Bond duration!

Hi all, Can anyone enlighten me on the following statement" when yield decreases, bonds with higher duration will benefit more". I was thinking: yield decreases==> bond price increases==> reinvestment risk increases==> delay the repayment as long as it could, better==> lower coupon is better==> lowest coupon benefit most==> highest duration bond benefits most But somehow it is not totally convincing to me. Is there any flaw ? Also, if understanding duration as how long it takes the price of the bond to be repaid, then lower coupon bond will have higher duration. but if understanding duration as the sensitivity of price to the change in yield, i am kinda puzzled in explaining the relation between coupon rate & duration… Would like to know ur thoughts. Thanks a bunch!

Easiest way to think about is simply the definition as the sensitivity to the price of the bond with respect to a change in yield (interest rates). If yield decreases, price increases…therefore, the more sensitive the bond is to that decrease in yield, the higher the price increase.

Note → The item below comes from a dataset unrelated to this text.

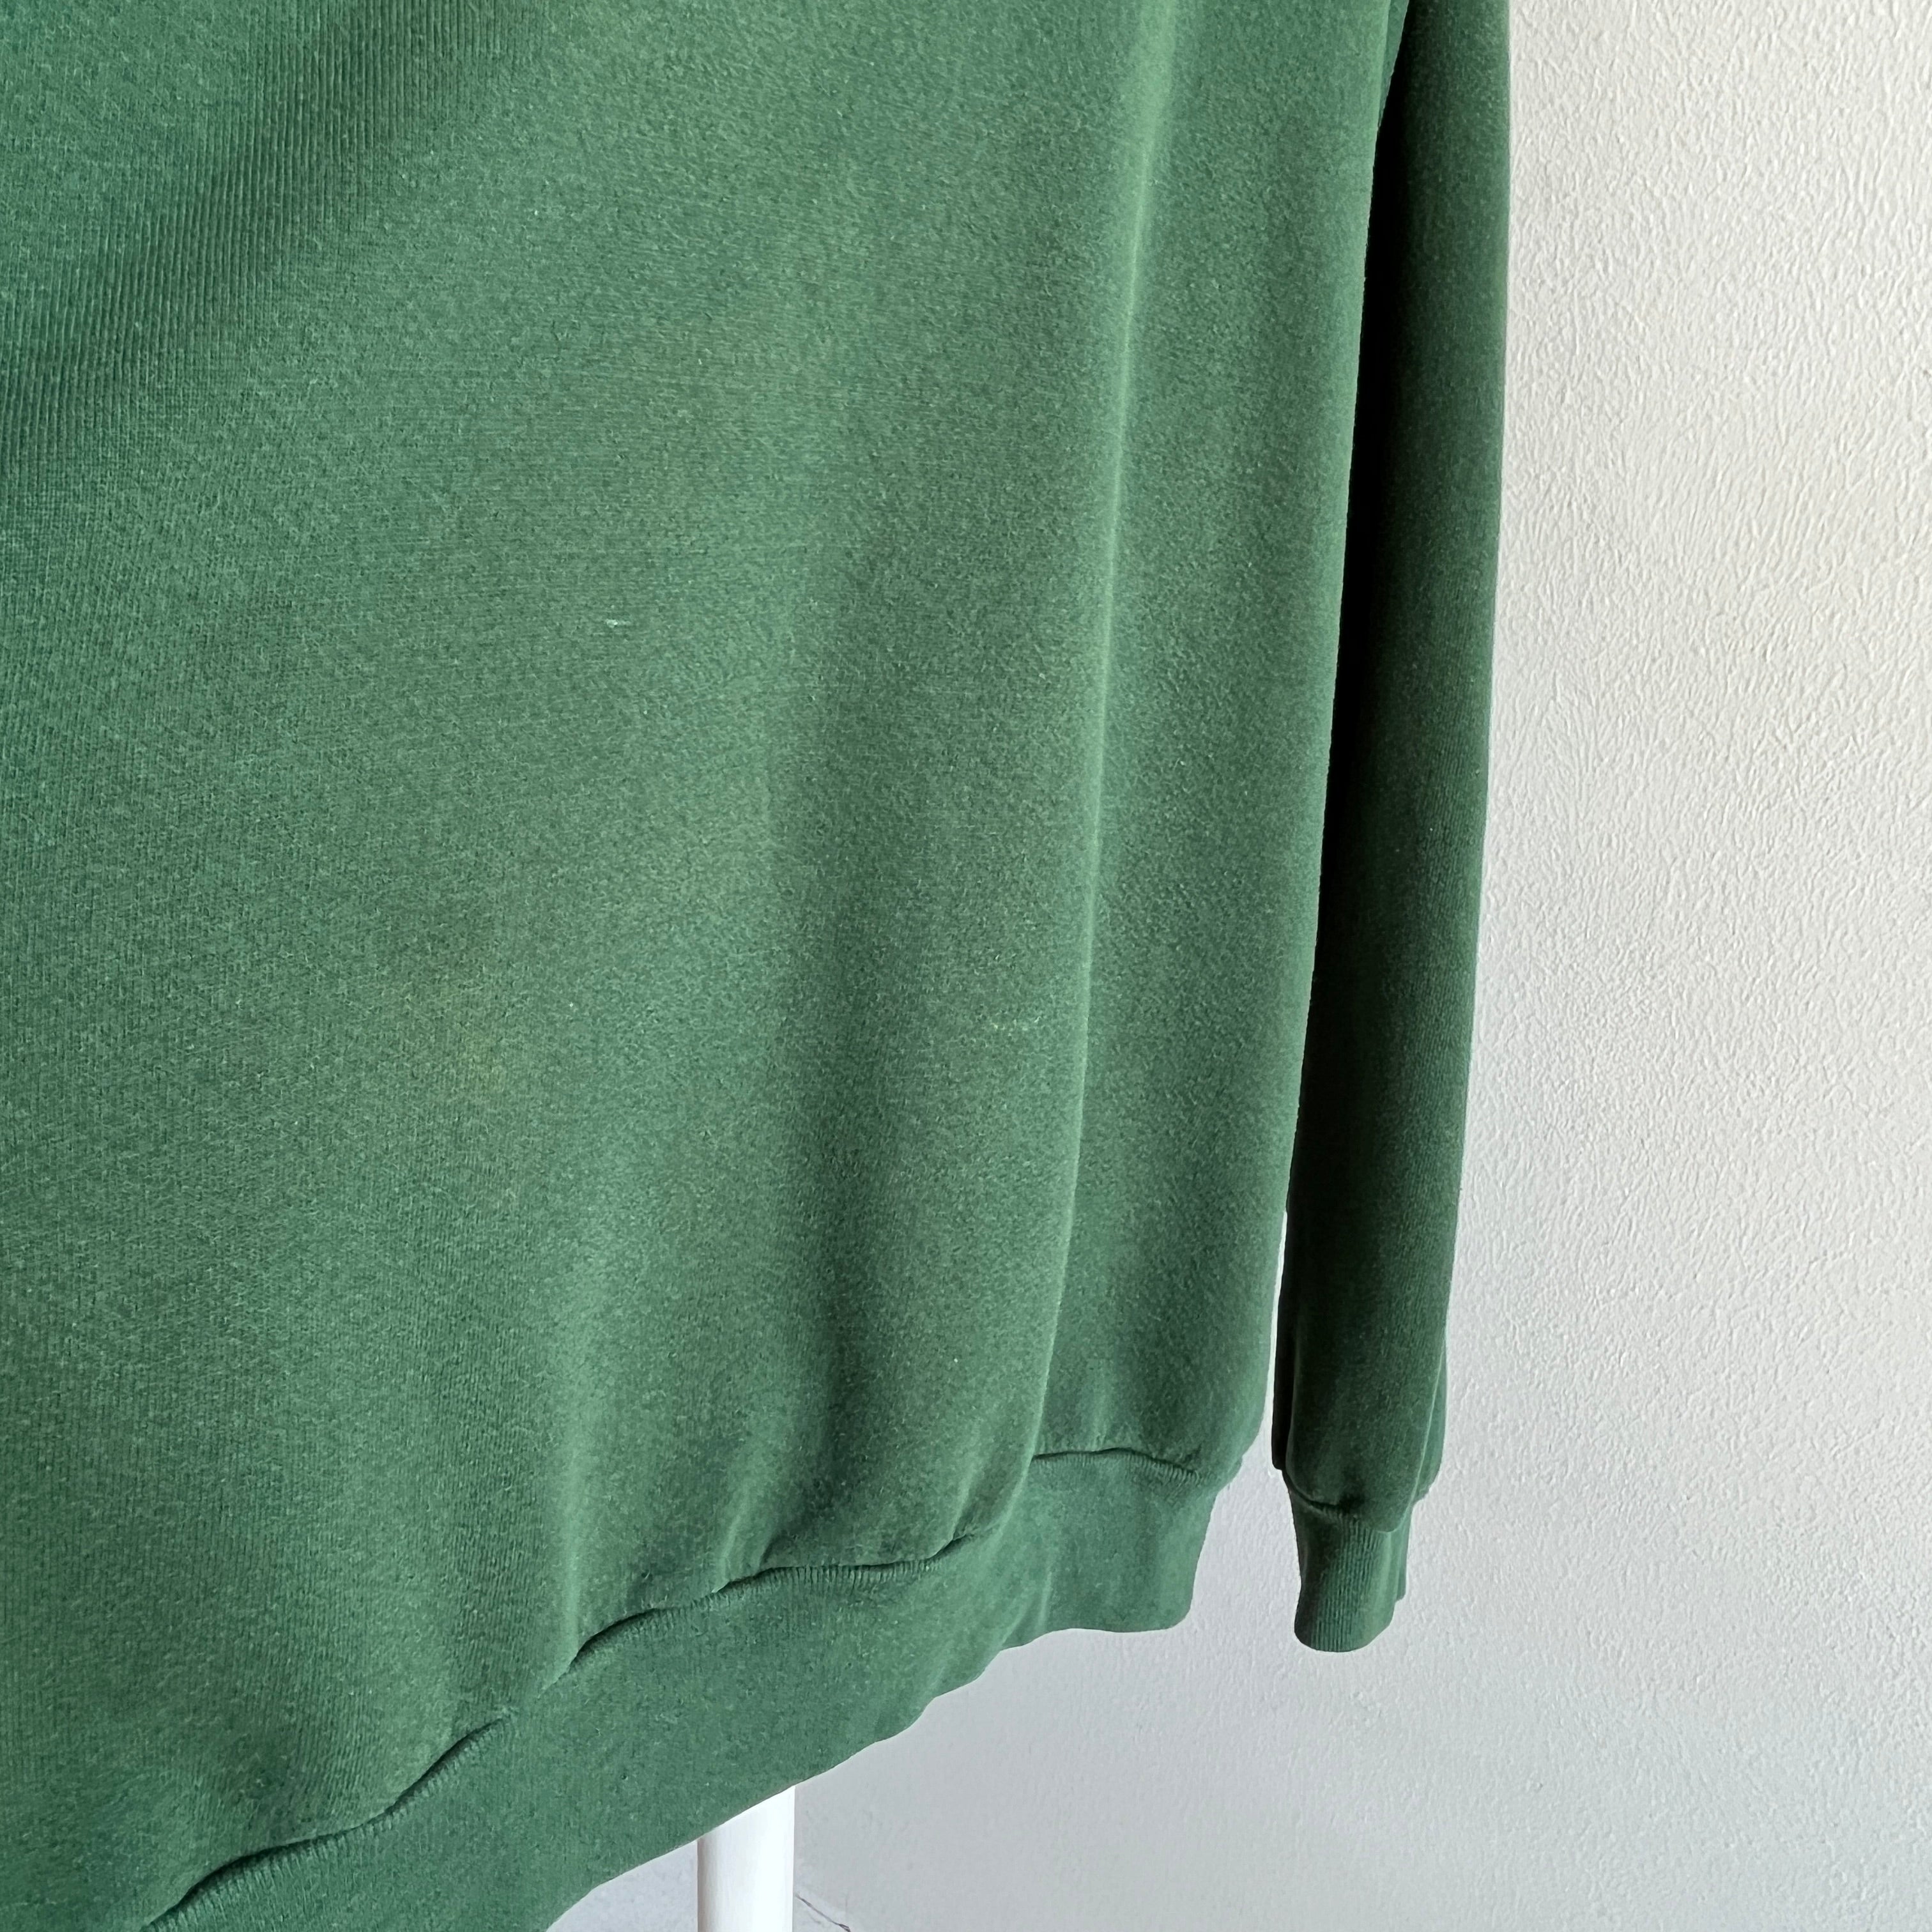 1980s Blank Dark Emerald Green Sweatshirt by Jerzees

A bond benefits from a decreases in yield due to the increase in price, so the MORE sensitive it is to that change, the HIGHER the bond price will increase (and hence benefit) This question isn’t asking the relationship between coupon rate and duration, it’s asking the relationship between yield and duration… (yield being interest rate, NOT coupon rate) Hope this helps!

the duration measures how much the price of a bond will change with a 1% change in yield. -Duration*change in yield*100 = percent change in bond price. a duration of 5 means for a 1% change in yield, up or down, the bond value with approximately decrease (increase in yield) or increase (decrease in yield) by 5%. so you can see how a larger duration affects bond price, for the same change in yield, the larger duration bond will change by a greater percent. also duration underestimates price increases and magnifies price decreases without the convexity adjustment.

Higher duration bond: riskier bond, more sensitive to interest rate changes, its price changes more than that of a lower duration bond.